Three Steps for the Jays to get Over Their Early Season Slump

  1. Think back to how you got out of a slump before – as individual players and as a team.  What strategies worked?  Know yourself.  Know what works.
  1. Think of your best self. Spend some time visualizing what it feels like – as an individual and as a team.  How do you think about yourself contributing?  Think about your technical strengths as well as your character strengths.  Are you an optimist?   Are you tenacious?  Build this picture of yourself.  Think about it as much as you can.  The more you practice thinking about it, the greater power it will have for you on the field.
  1. Support each other. As much as you can and then some more.  The power of what you can do together as a team is tremendous.  Barbara Fredrickson’s research has found that negative emotions narrow our outlook and positive emotions broaden our outlook.  There are few actions as powerful as helping someone to generate positive emotions.  A towering stack of research demonstrates that we perform at our best when we feel positive emotions.  So, support each other so you can all feel good and perform at your best.
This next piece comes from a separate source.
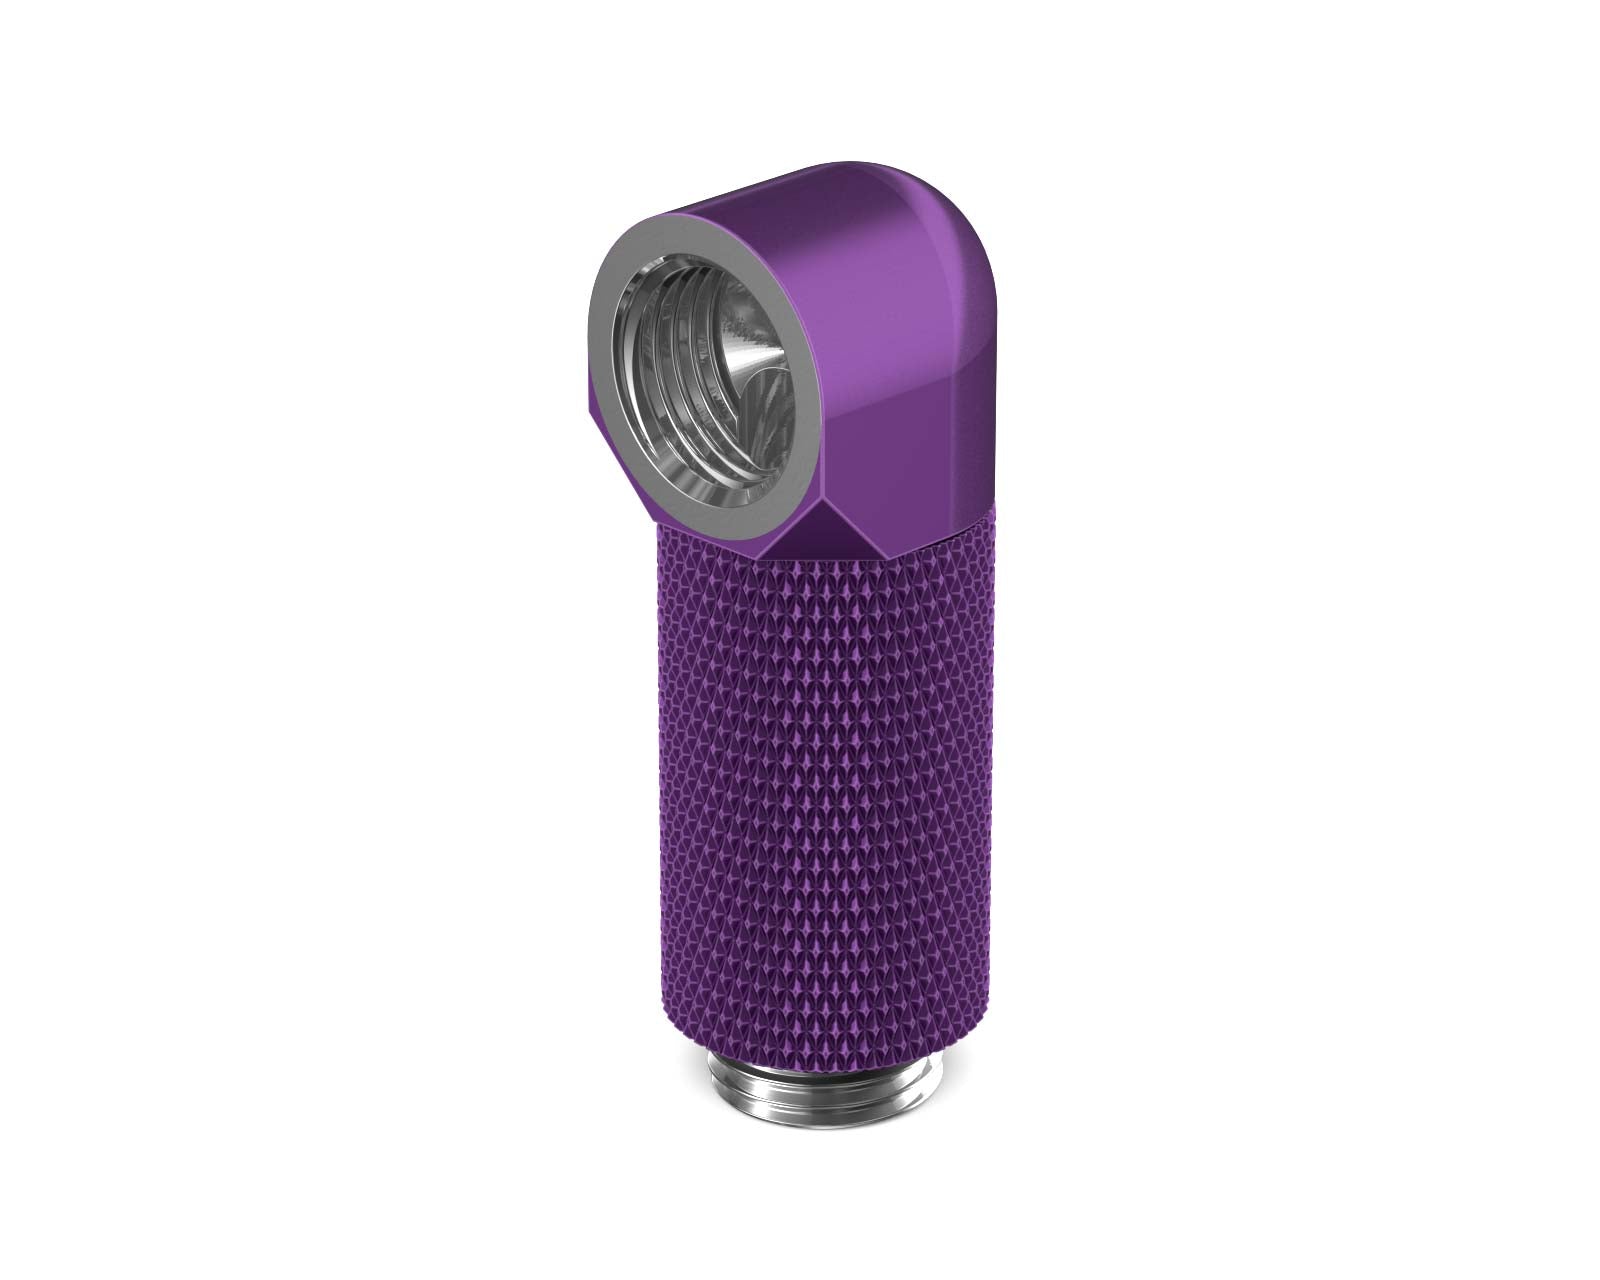 BSTOCK:PrimoChill Male to Female G 1/4in. 90 Degree SX Rotary 30mm Extension Elbow Fitting - Candy Purple - PrimoChill - KEEPING IT COOL

I fear this might be the most presumptuous blog post I’ve written, but desperate times call for desperate measures – both from the perspective of breaking the Jays’ slump and crushing my own.  Really, the worst that can happen is that people think I’m really silly.  The best that can happen is that someone from the Blue Jays reads this, my method works and the Blue Jays hire me to help with thought management.  That has been my coaching dream from Day One, so this seems like as good a time to pursue it as any other.  Gibby, if you’re reading this, I’m happy to start working with the team as soon as you call.